_Task objective_: For the data that follows, return each line unchanged and drop the pictures.

*** Opening Recorded data ***

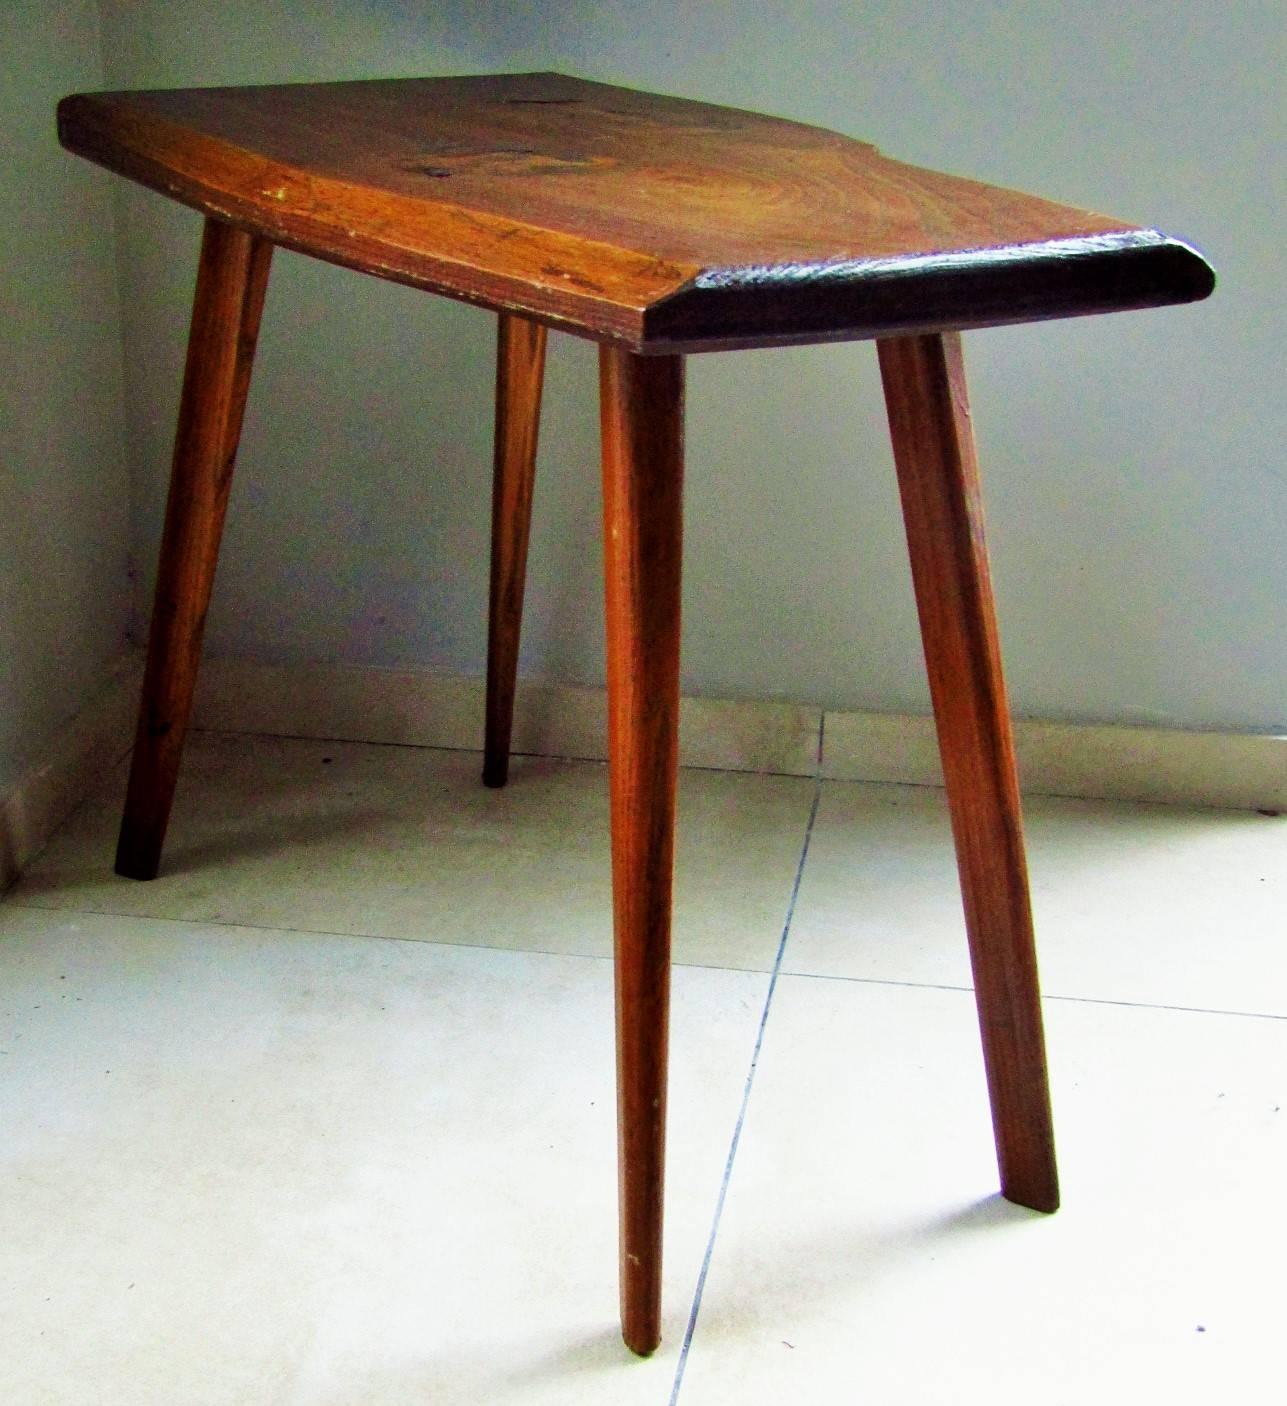 Side table France 1960 style Charlotte Perriand. Good original condition, only slightly French handpolished to preserve the original patina.

Note: Adds some nature look in your interior!

Worldewide free shipping for this item!
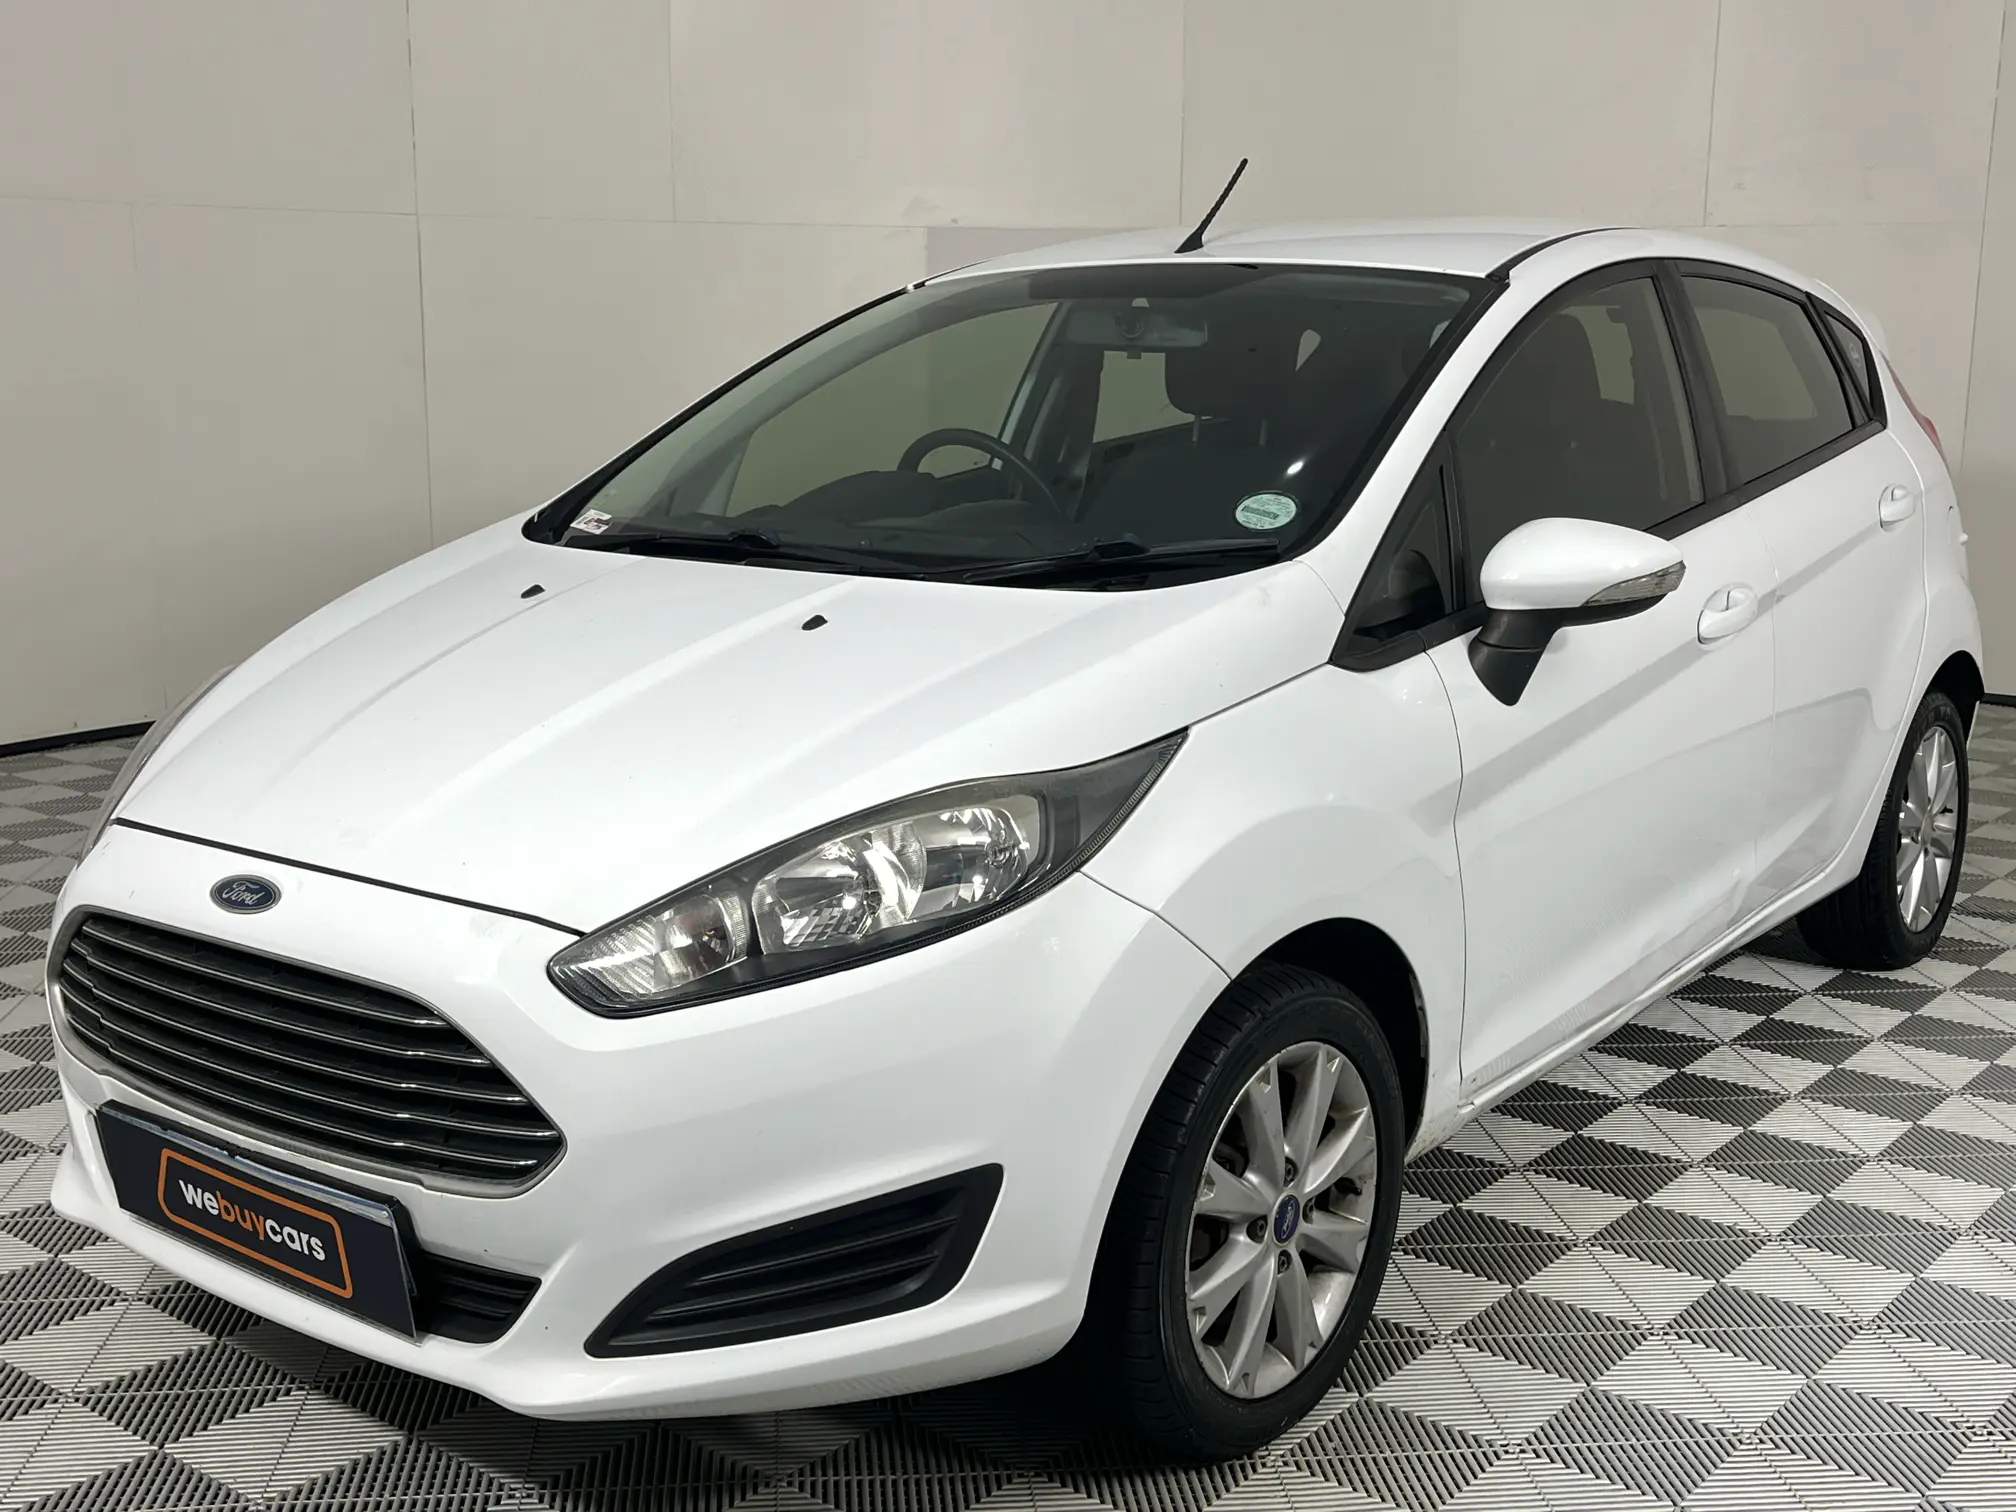 2013 Ford Fiesta 1.4 Ambiente 5 DR

*** Closing Recorded data ***

_Exercise answer_:
 Side table France 1960 style Charlotte Perriand. Good original condition, only slightly French handpolished to preserve the original patina.

Note: Adds some nature look in your interior!

Worldewide free shipping for this item!
 2013 Ford Fiesta 1.4 Ambiente 5 DR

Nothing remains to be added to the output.